Wednesday, December 26, 2007

Hardware Leads in 2007

In some ways you could say 2007 was a year for hardware.

Twenty years ago, Bill Gates and others in the computer world made the bold statement that the future is about software and that this strange world of command and control, embedded deeply in the guts of the wires and boxes we all had on our desktop was really just an intermediary to the software that make us more powerful.

For the next ten years we stagnated in an ocean of beige boxes, monitors, and boxy peripherals and unimaginative hardware.

And since then, software has dominated the evolution of the computer world. Computer conferences and trade shows were filled with the latest and greatest "next revision" and version updates and what they meant for end users.

Then, a few years ago the cutting edge innovation was wifi and distributive computing.

However, 2007 could well be regarded as the year of hardware. Apple's iPhone, iPod Touch and touch screen technologies could be named the biggest product advancements of the year. And touch screen technology could well be at the leading edge of a whole new wave of development and change in our computing experience.

Sure, people will tell you that iPhone wasn't the first to have a touch screen or that Apple didn't lead the way. Enthusiasts have long talked about touch screens going back to and before the Newton and Palm Pilot. Every since the advent of the mouse, techies have envisioned a keyboardless future but instead the typewriter-style input method proliferated rather than died as some had predicted in the 1980s.

Yet, the touch screen technology employed on the iPhone and iPod Touch make these devices truly innovative and redefine the user interaction with them as opposed to either working poorly or simply being an afterthought.

When Jobs squeezed his fingers together to zoom in, tapped to enlarge, rotated to change orientation and flicked his finger to scroll - everything about touch screen and interface suddenly came alive with potential for average users and the marketplace was magically infused with new life. A new field called haptics made this tactile virtual reality a innovation for the future rather than a mishap of the past.

Scroll wheels and QWERTY keyboards might finally become a less dominant means for inputting data to your computer, music player, cell phone or palm device. Fortunately, for us as computer users, hardware manufacturers are thinking outside the beige box and will stop thinking of computing as someone sitting at a desk, hands on the keyboard, eyes looking straight ahead and start fitting the hardware technology to us rather than us to the technology.

And the iPhone was not the only new wave product using touch screen emerging in 2007. Microsoft's multitouch computing table, while not selling as many units world-wide as the iPhone and iPod Touch it is clearly a part of this new trend. There have been rumors that Apple is developing a multitouch Mac with a larger screen than the iPhone but using the same direct interaction of tap for click, pinch for zoom and flick for scroll that exists with iPod Touch and iPhone.
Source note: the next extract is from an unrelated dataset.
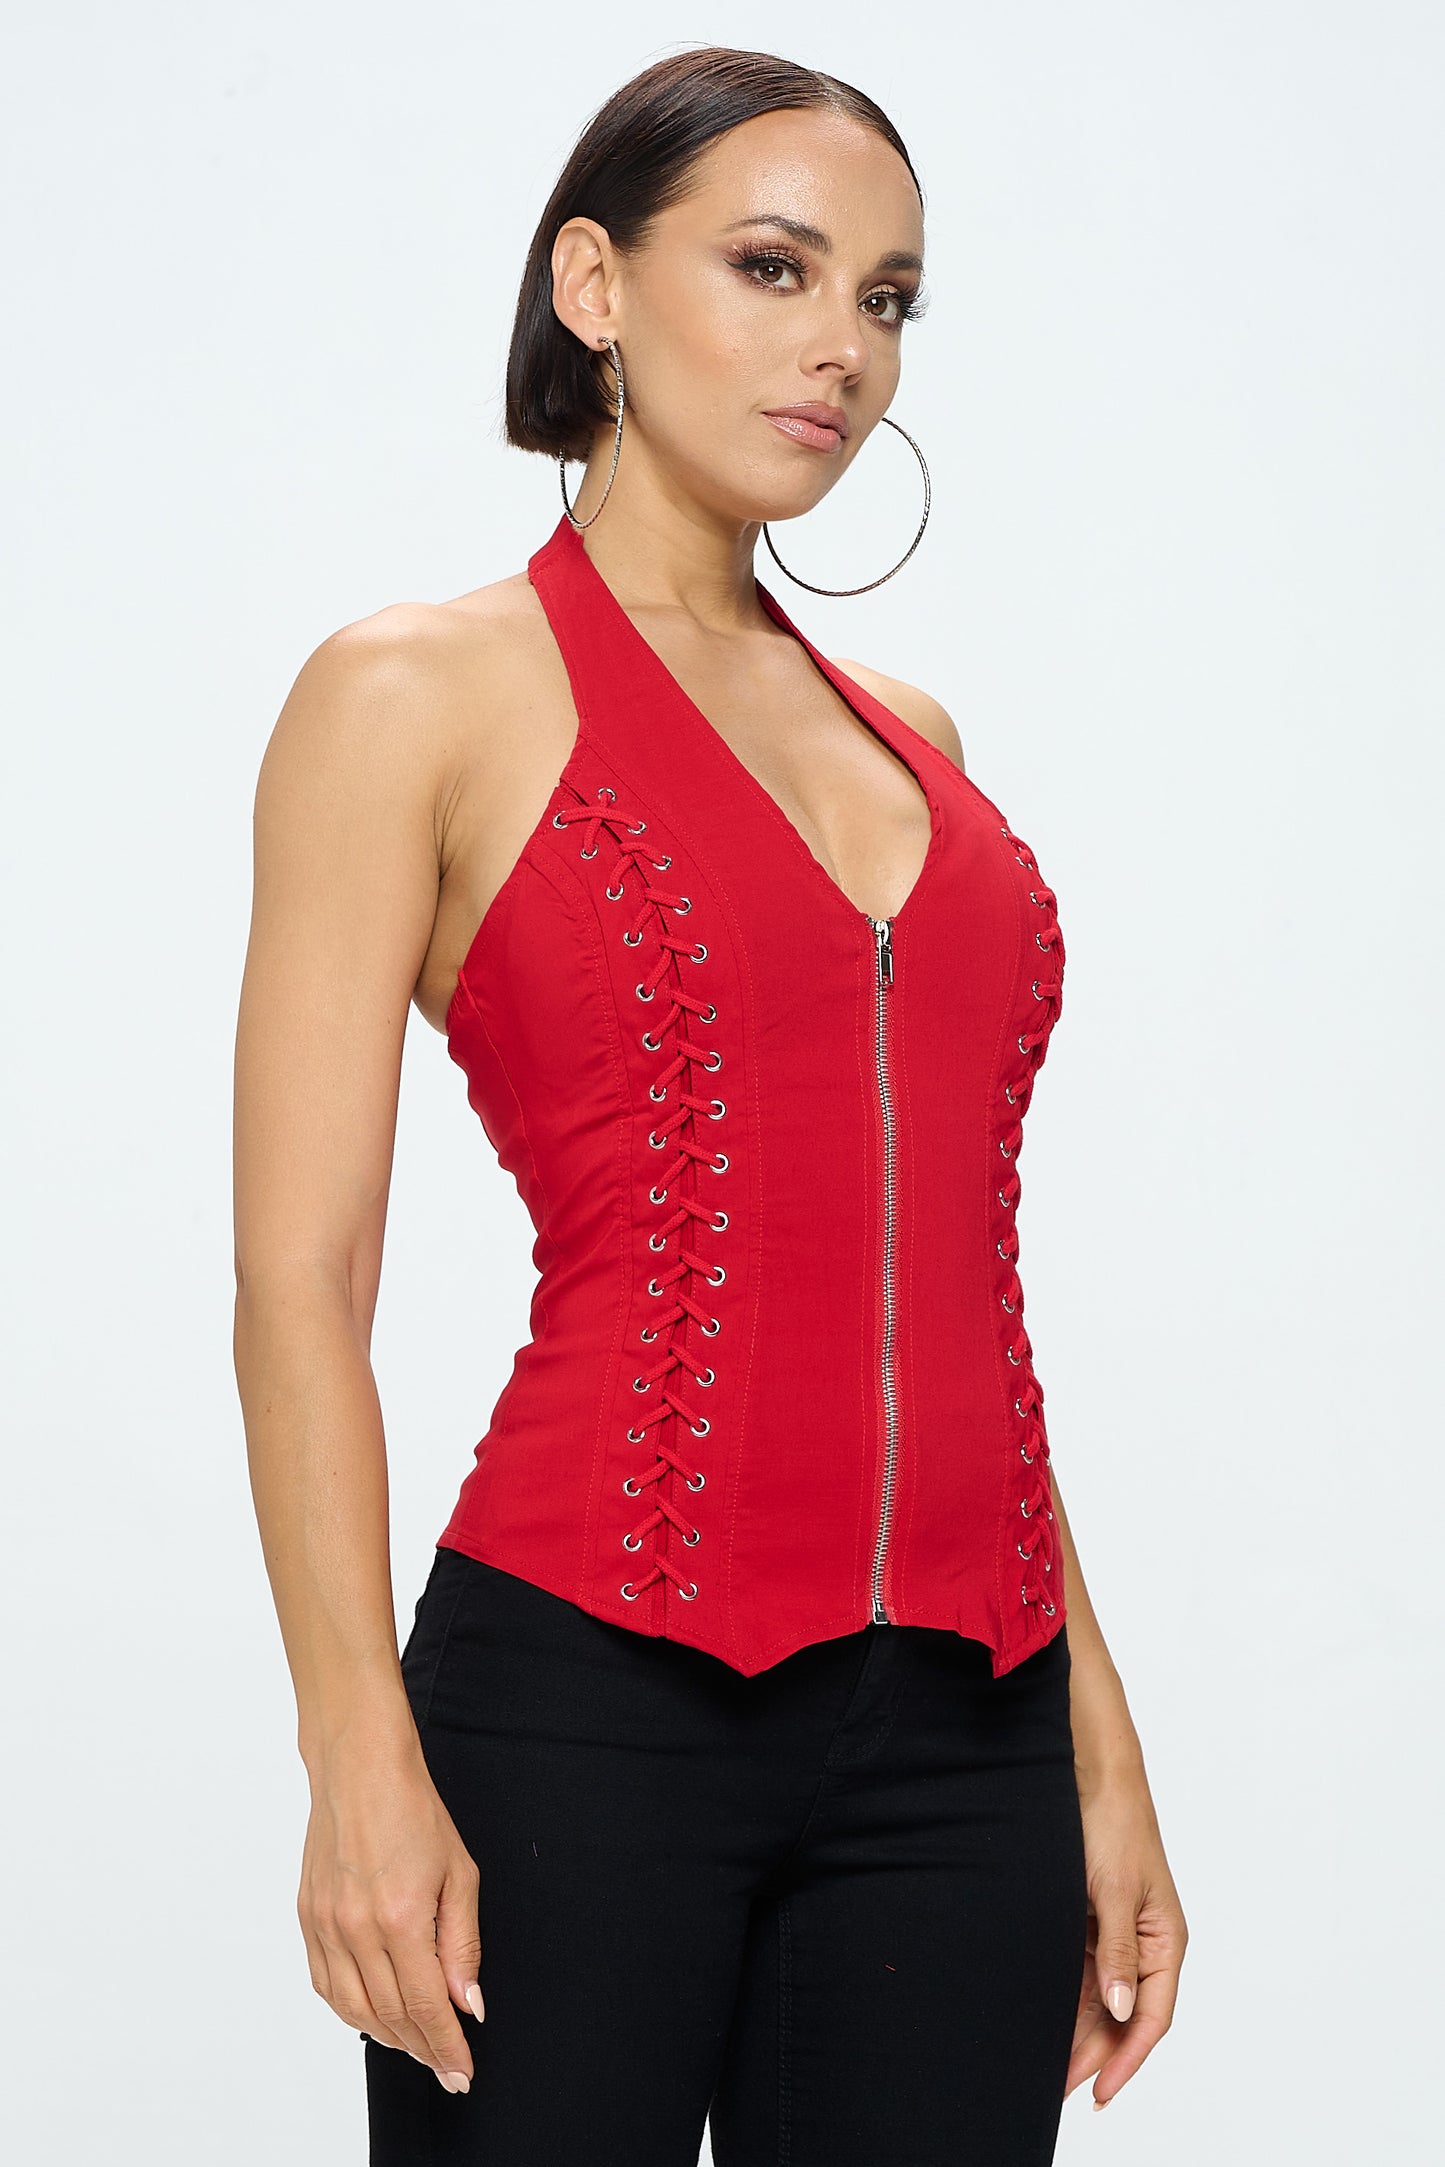 LACE UP DETAIL ZIP UP FRONT CLOSURE HALTER TOP
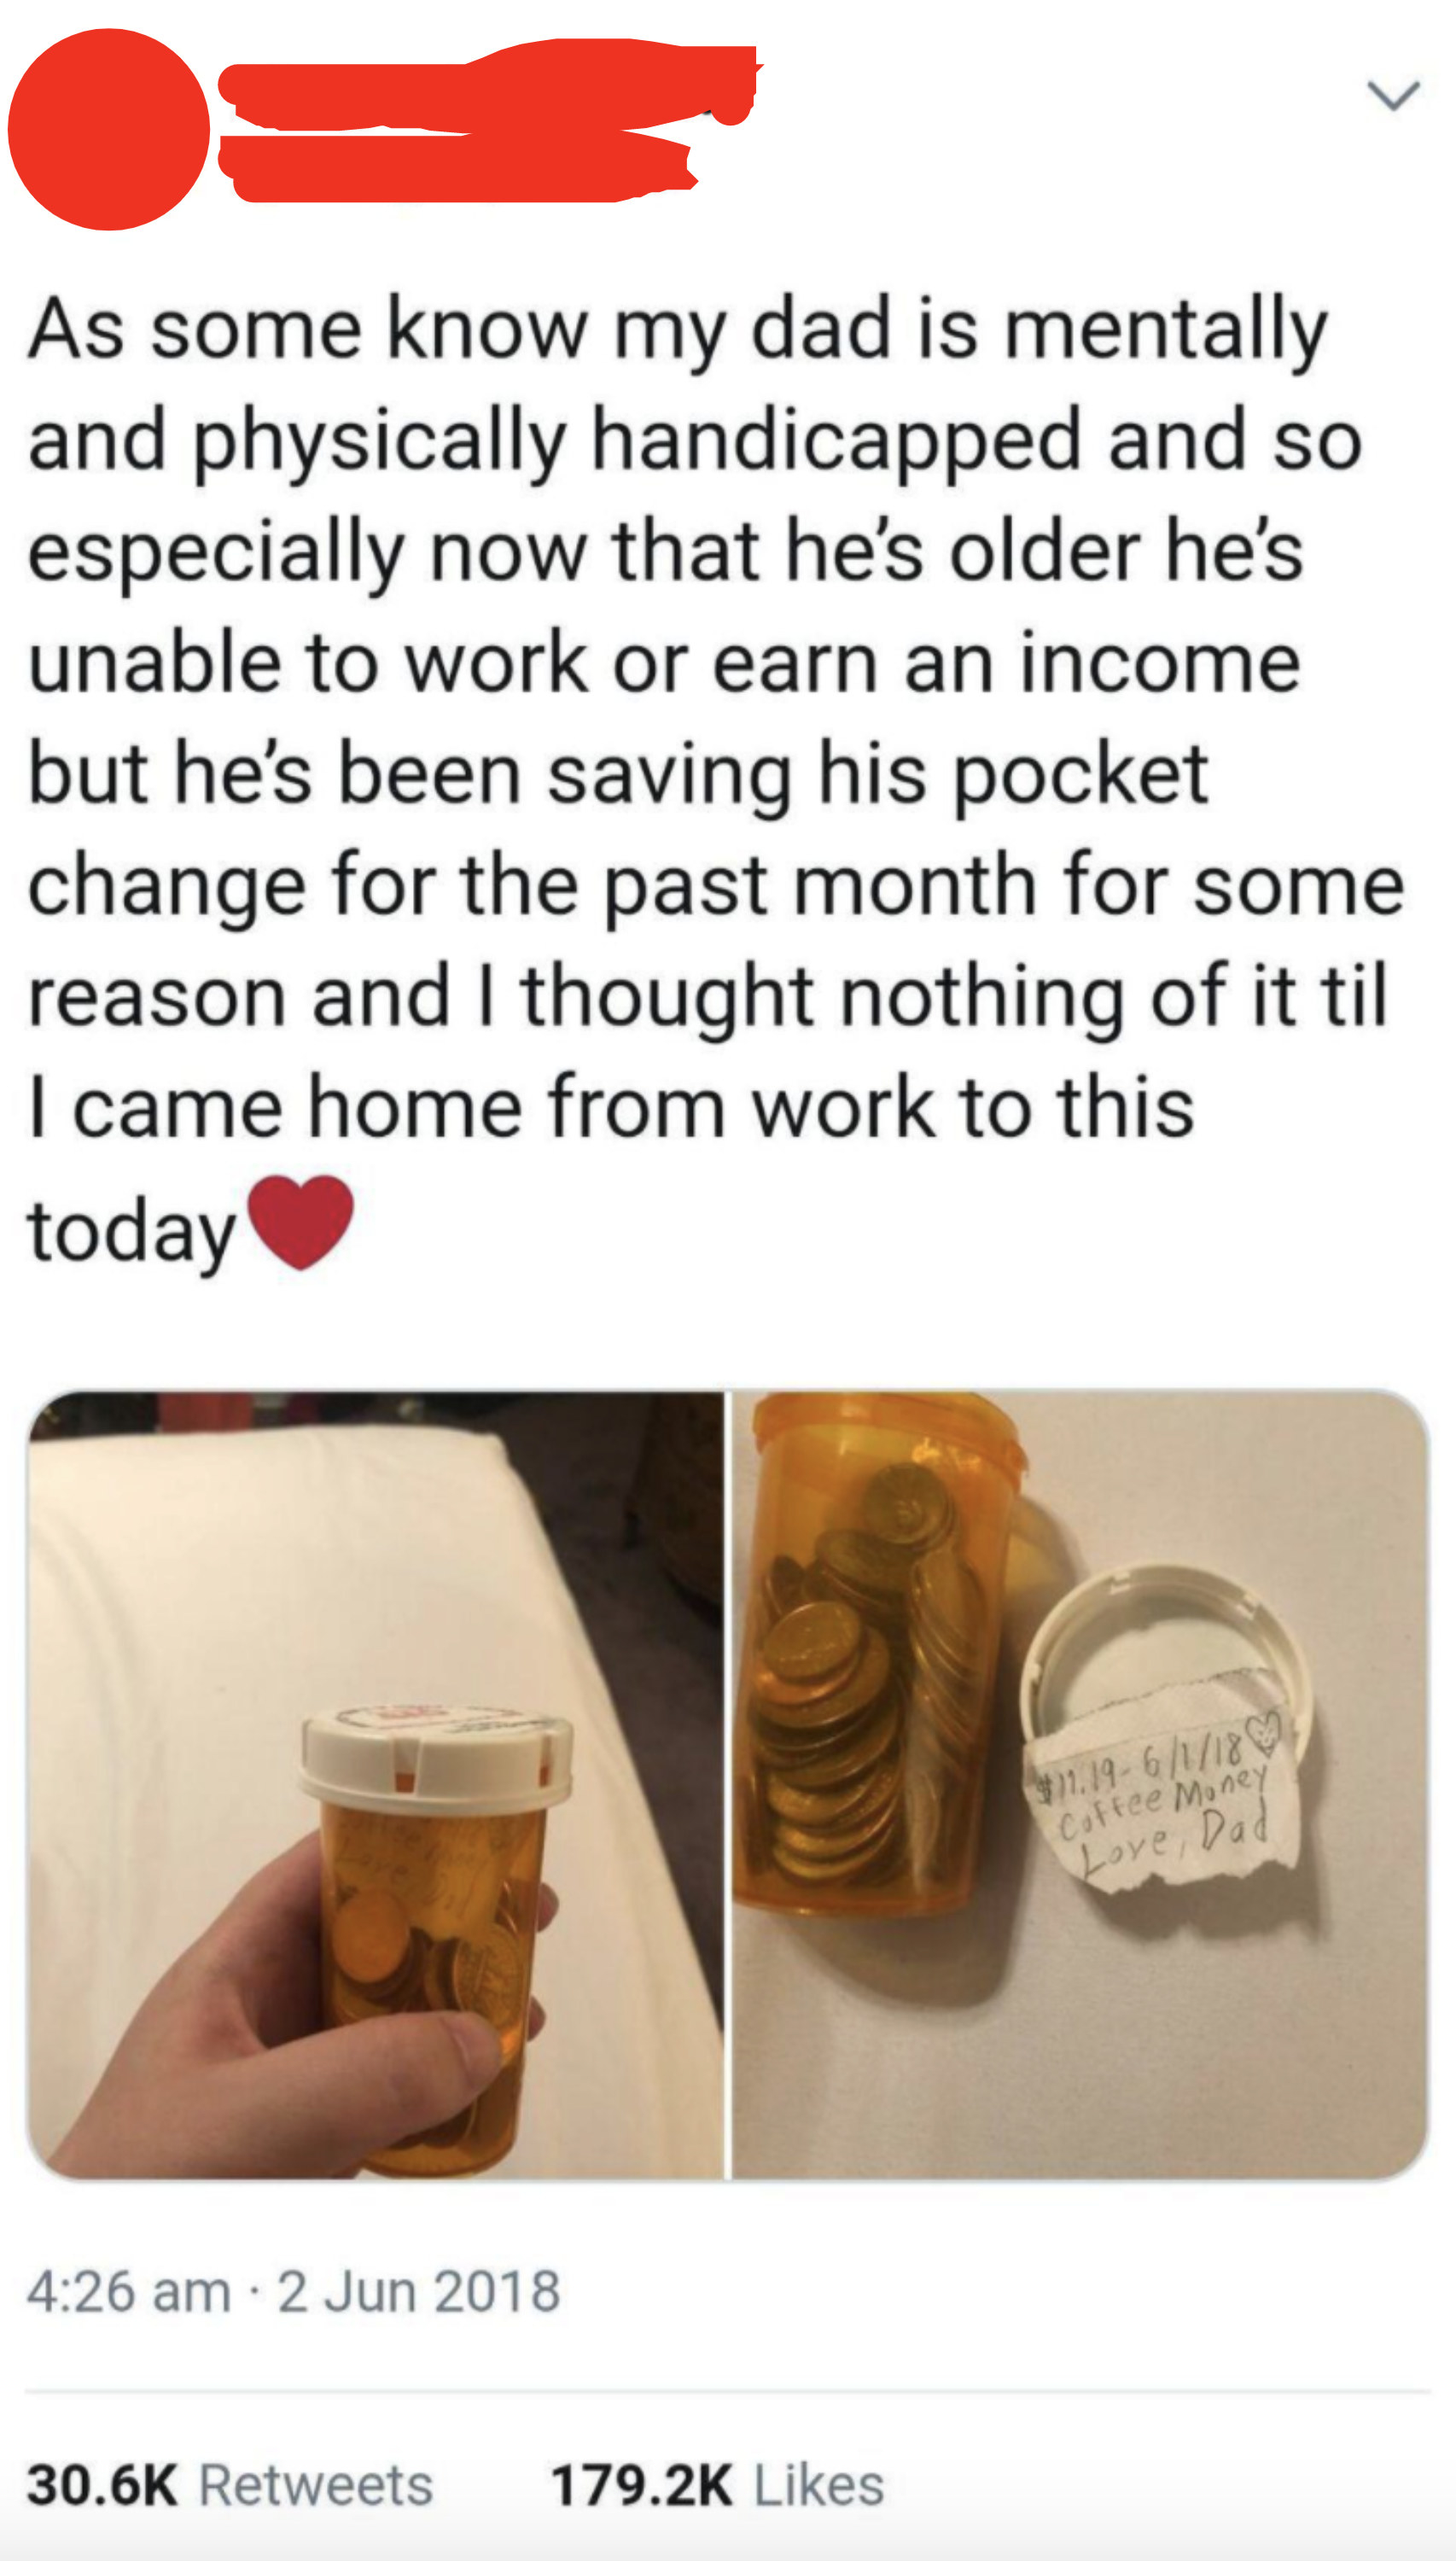 Dad who saved pocket change for his daughter, gave it to her in a pill bottle

In Jobs' coy way, he has hinted at the future of the Mac interface by saying, there are no “verbs” in the iPhone interface, alluding to the way a standard mouse or stylus system works. In menu command systems, users select an object, like a photo, and then separately select an action, or “verb,” to do something to it.

Technology is in the works for wall sized touch screens that could start to be seen in office buildings, conference rooms or designed into flat screen TVs, gaming modules, and home movie theaters. There is even talk about kitchen refrigerator touch screen magnets that will connect via wifi to the internet. Bath-mat and shower stalls next?